During the entire 14 days, participants maintained sleep logs as a measure of self-report sleep-wakefulness behaviors.22 Secondary endpoints were: (a) sleep duration by sleep logs; (b) sleep duration by wearable; (c) sleep fragmentation (wake after sleep onset); and (d) heart rate variability measured by the wearable.

For the validation part of the study, the following measurements derived from the wearable device were compared against the gold standard PSG-derived measures on a single night performed at the midpoint of study participation: sleep quantity (sleep duration); sleep fragmentation; proportion of night spent during light sleep (stages N1 and N2), slow wave sleep (N3), and rapid eye movement sleep (R sleep); (d) sleep-wakefulness state determination by collapsing all stages of sleep (N1, N2, N3, and R) and wakefulness and comparing such measures against the gold standard PSG derived sleep-wakefulness state; heart rate variability measured by the wearable device versus that derived from the electrocardiogram collected as part of the PSG; and heart rate and respiratory rate measured by wearable device versus that measured as part of the PSG with respiratory inductance plethysmography.

Study procedures

Wearable device

The wearable was programmed and worn on the nondominant arm. Participants were randomly assigned to receive the WHOOP Strap 2.0 (WHOOP Inc. Boston, MA) in the first week or second week of participation, with the PSG performed at the midpoint of the 14-day participation. The device was recovered the morning after day 14. The device transmitted data daily to the participant’s smartphone or wireless internet–enabled tablet, and from there the data were transmitted to a cloud platform. Data were downloaded from the WHOOP cloud platform for analysis. During the 14 days, participants were instructed to wear the device on either the first or second week as per the randomization schedule. The application on their smartphone or smart tablet would give them information regarding their sleep and physical activity performance on a daily basis, with instructions that stated that their sleep was adequate or inadequate. The device measures heart rate information using reflectance photoplethysmography and motion with a three-axis accelerometer and processes these signals using algorithms that generate sleep and activity data.
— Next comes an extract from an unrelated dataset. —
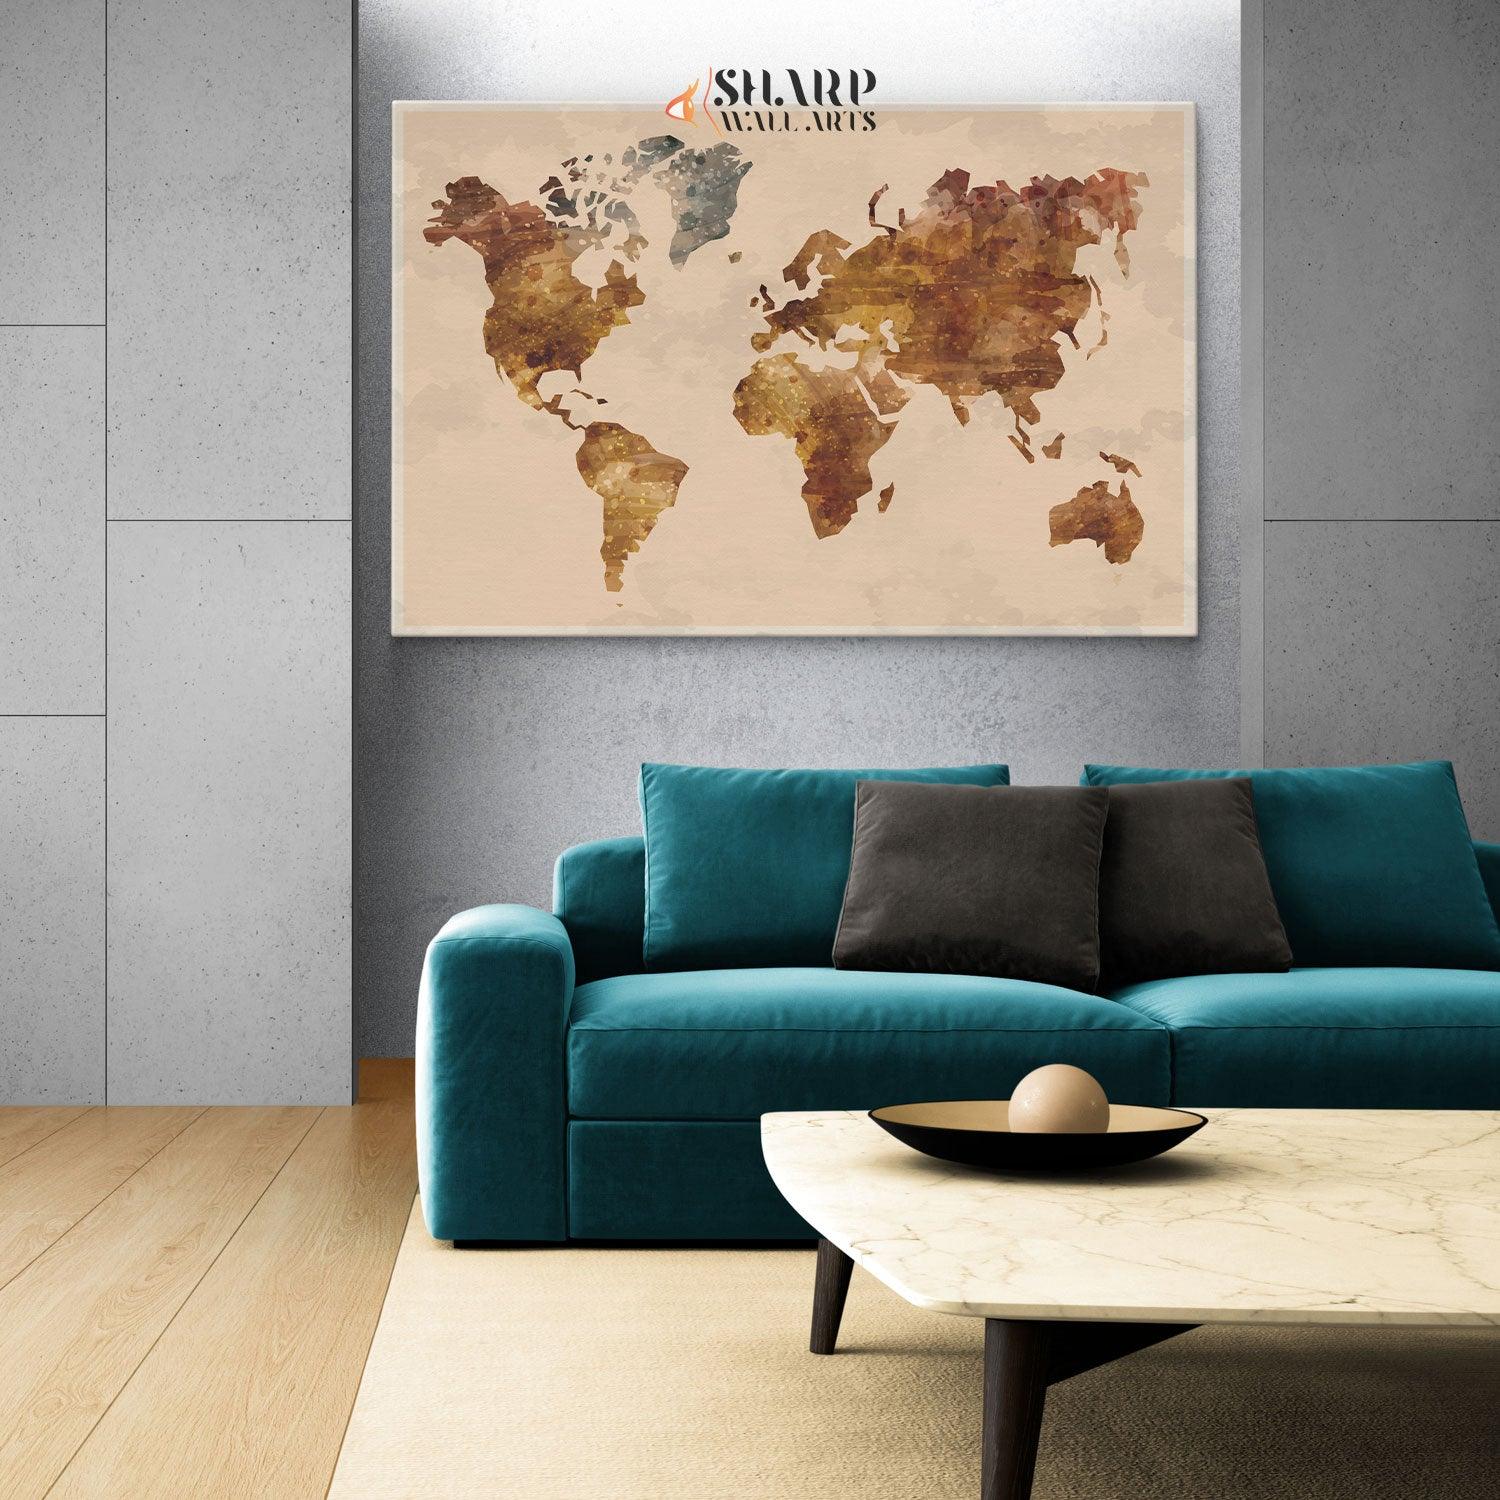 Abstract Large World Map - Travel World Map - SharpWallArts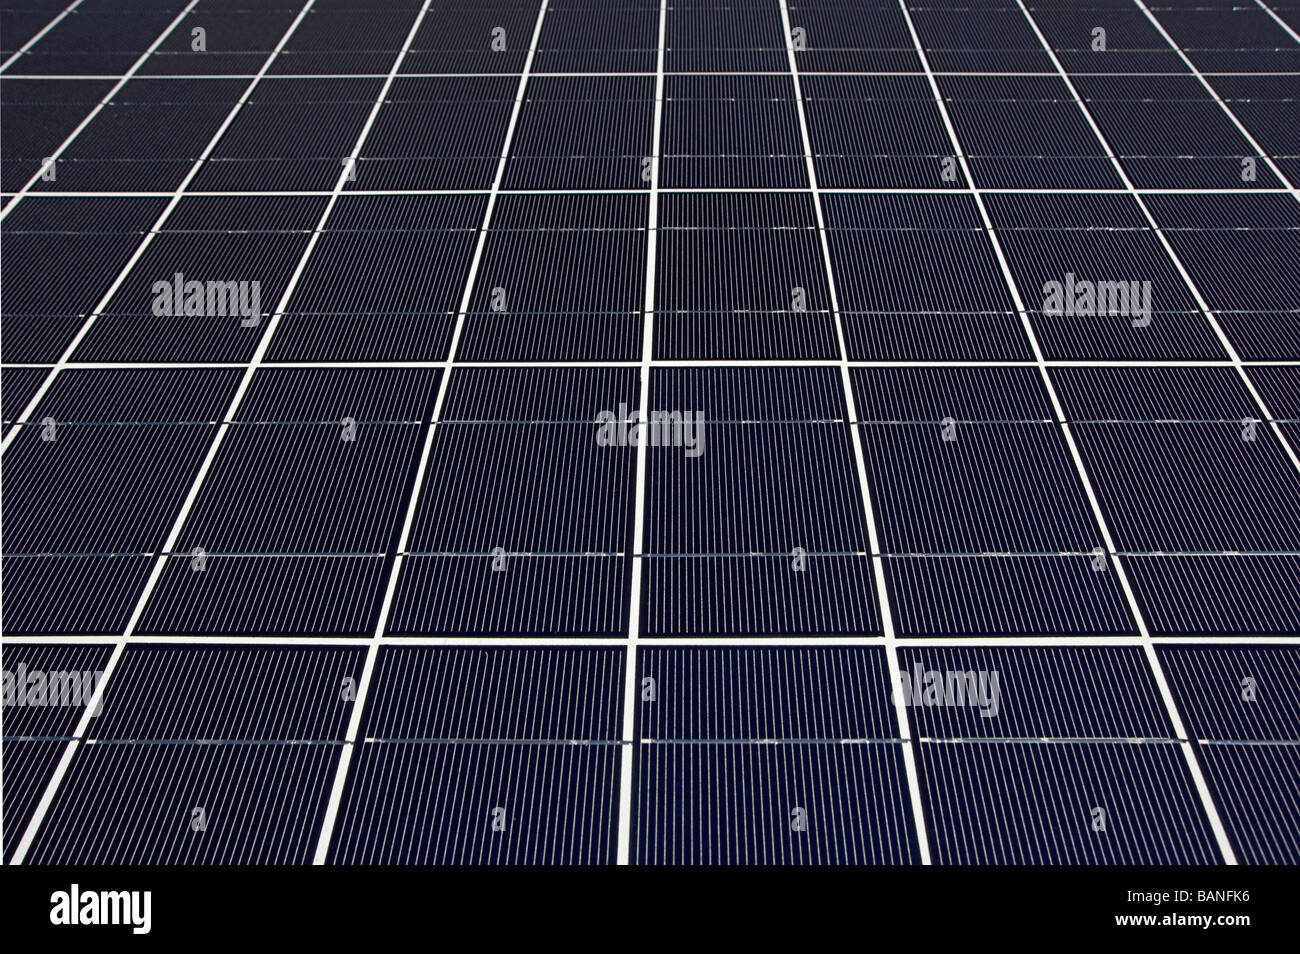 Photovoltaic solar panels Stock Photo

The physical activity data are measured as “physical strain,” which is a measurement on a 21-point scale that, unlike counting steps, is a personalized account of exertion and fitness based on duration of time one spends in their personal maximal heart rate zones. During setup, the device requires age, sex, and anthropometric measurements to calculate the maximum heart rate zones.

PSG sleep study

Participants underwent a video-assisted polysomnography for an 8-hour period that included electroencephalography (C4-A1, C3-A2, F4-A1, F3-A2, O1-A2, and O2-A1), left and right electrooculograms, submental electromyogram, electrocardiogram, chest and abdominal movement by inductance plethysmography (Ambulatory Monitoring Inc., Ardsley, New York), leg movements by bilateral anterior tibialis electromyograms, nasal pressure and thermistor recordings for airflow, and finger pulse-oximetry (Sandman, Ontario, California or Grass Systems, Inc.; Natus, Inc.). An infrared camera was used to collect continuous video recording that was recorded synchronous to the polysomnogram. Continuous video-synchronized audio recordings were made by an acoustic (calibrated) microphone to measure snoring, and the signal was recorded digitally as both a video-synchronized audio signal and as a channel in the digitized PSG. The motion of the rib cage and abdomen was measured noninvasively using respiratory inductive plethysmography. Electroencephalography, right and left oculography, submental electromyography, and electrocardiography were amplified, filtered (Sandman, Ontario, California; or Alice5 system; Philips-Respironics, Inc., Murrysville, Pennsylvania) and recorded along with other signals and stored in corresponding data acquisition systems. In each participant, the PSG was performed during an 8-hour period at the midpoint of study participation. All PSGs were performed between 2200 and 0600 hours, with a time window of ±2 hours to suit individual participant needs for delayed or early bedtime. Participants needed an additional 2 hours for getting ready for the study, instrumentation, and filling out pre- and postsleep questionnaires.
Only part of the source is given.